Sep 1, 2006 - 1:42 pm 25. Gary Rosen:wyokate,
You echo my own feelings almost precisely. I still don’t consider myself any kind of “right-winger” – I’m middle-of-the-road on economic matters and still very liberal on “lifestyle” issues – and sometimes I feel like a hypocrite for supporting Bush. But between the Democratic party having caved in to its Michael Moore wing, and the MSM devoting itself wholeheartedly to dishonest BDS-driven agenda-mongering, I can’t help but want to stay in his corner.
Sep 1, 2006 - 6:35 pm 26. Luther McLeod:wyokate
Let me second Gary Rosen’s agreement with your post. Our lefty friends call it stupidity and obtuseness, re Bush. I call it vision (with perhaps a less than stellar implementation) and a belief that he is doing the right thing for this country. He is accused of many motivations for his actions. I deem them all false. For I fail to see what advantage or persona of history he might be seeking, given his decisions.
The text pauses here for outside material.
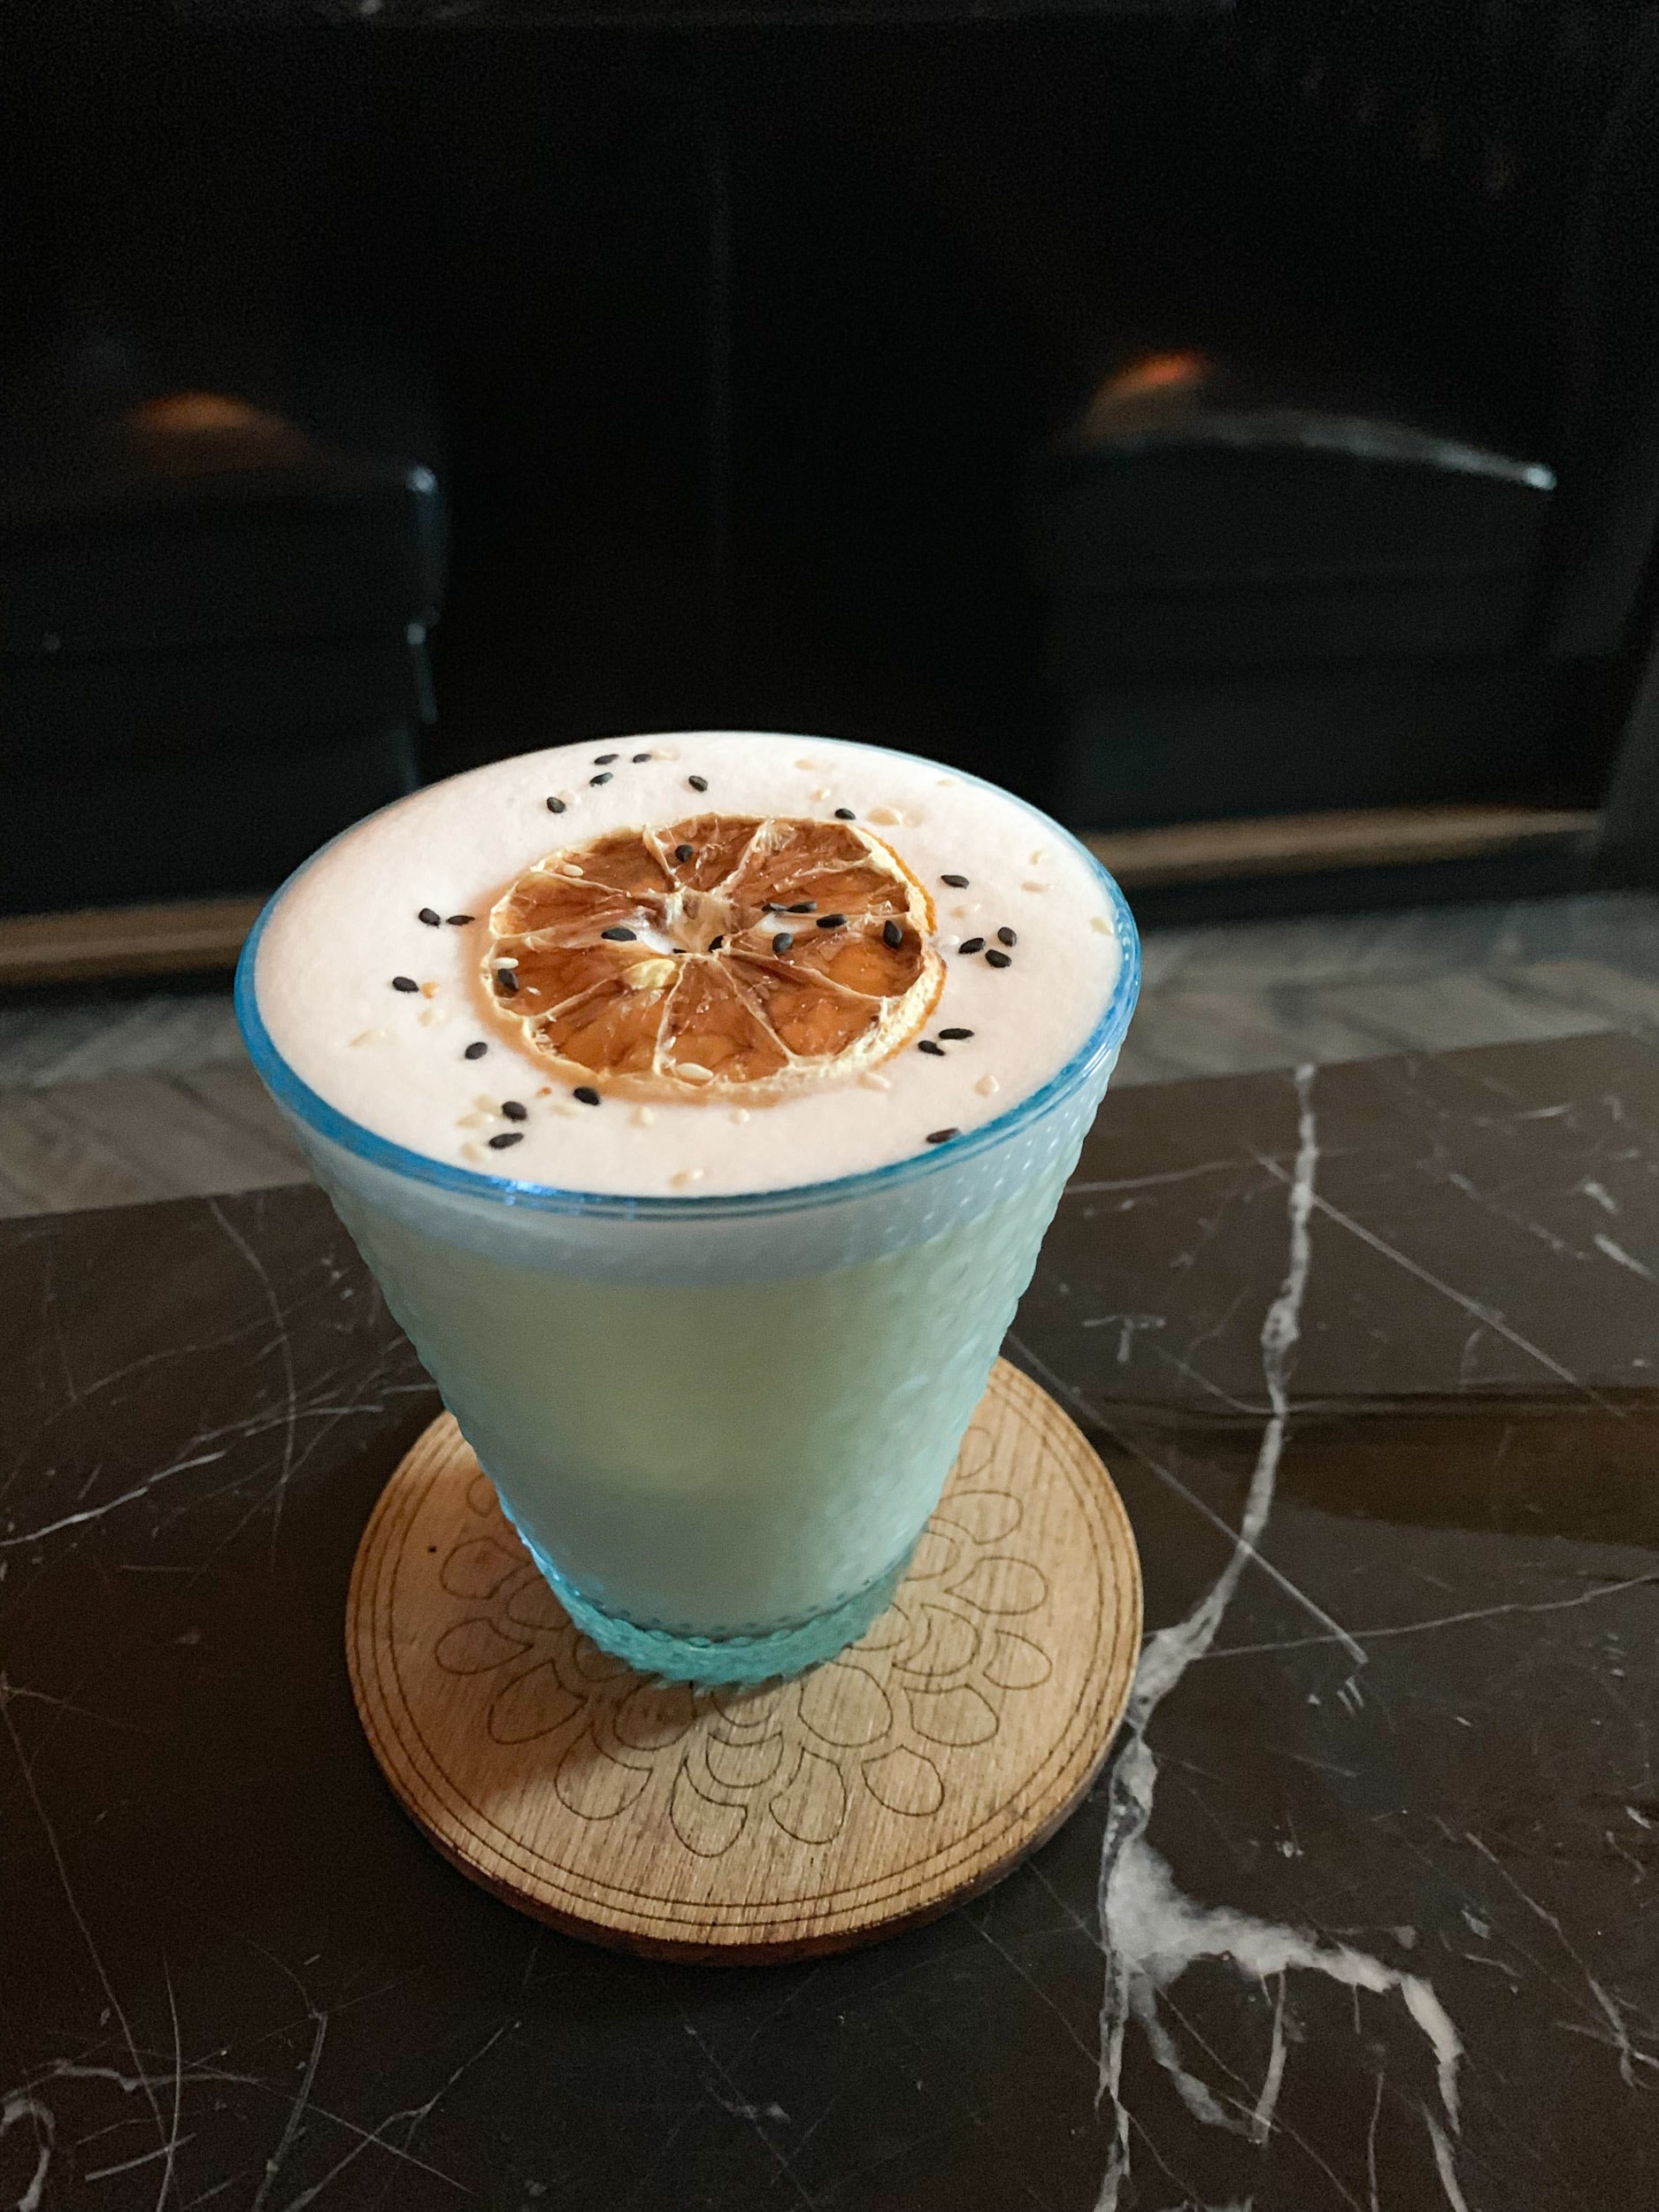 Yah-Sas cocktail

And, honestly, I do not think he is concerned with personal adulation.
I admit, my most basic support and admiration of GWB comes from his ‘not so simple act’ of doing SOMETHING. Something, to stop our descent into appeasement and eventual disappearance, as a force for good in this world. One can either believe that or not. I happen too. (to or too, I have no idea)
Sep 1, 2006 - 8:22 pm 27. ElMondo:Sophisticated?
Sorry… I’m still trying to figure out exactly how clichÈ,†strawman arguments, wishful thinking, and cartoonish exaggeration can be considered sophisticated.
Sep 1, 2006 - 9:36 pm 28. David Tomlin:It’s a ‘British docudrama’. Can’t Bush sue in the UK if he wants to?
Sep 2, 2006 - 12:00 am 29. David Tomlin:It doesn’t wash off one ounce of the filth, but it is somewhat consoling to know that this film will cost the Democratic Party.
When my neighbor (a registered independent) heard about this movie, he said “The Democrats can’t be that stupid, can they? Guess I’ll have to vote for whoever the GOP runs in 2008″.
The Dems are killing themselves by making this personal.
The film was made in Britain, but some people can’t wait to vaguely blame it on, or somehow associate it with, ‘the Democrats’.
Will it ‘cost’ the Democrats in the midterm elections, by creating sympathy for Bush? Possibly. But I doubt the effect will be significant if it exists at all.
However, he seems to never, ever be given a fair shake, and is constantly under the worst vitriolic attacks — like this one.
I understand the film depicts an anti-war demonstrator committing a political assassination. That sounds more like an attack on anti-war demonstrators than on Bush.
Sep 2, 2006 - 1:52 am 30. HA:Well, my limb just snapped. Fortunately, there was a much larger and sturdier one directly beneath my previous perch.
http://powerlineblog.com/archives/015171.php
No, peace and harmony didn’t reign after Bush was murdered. Rather, the REAL jack-booted fascists from Cheney on down finally got on with destroying civilization. How sophisticated! Braaa-Vo!!!
What is really going on here is that leftists have to invent imaginary, strawman fascists to demolish in order to overcome the dissonce due to their cowering before the real, turbaned ones.
I wonder if these self-proclaimed “sophisticated” and supposedly “brave” filmakers would dare show the Theo Van Gogh film “Submission” along side their simple-minded drivel.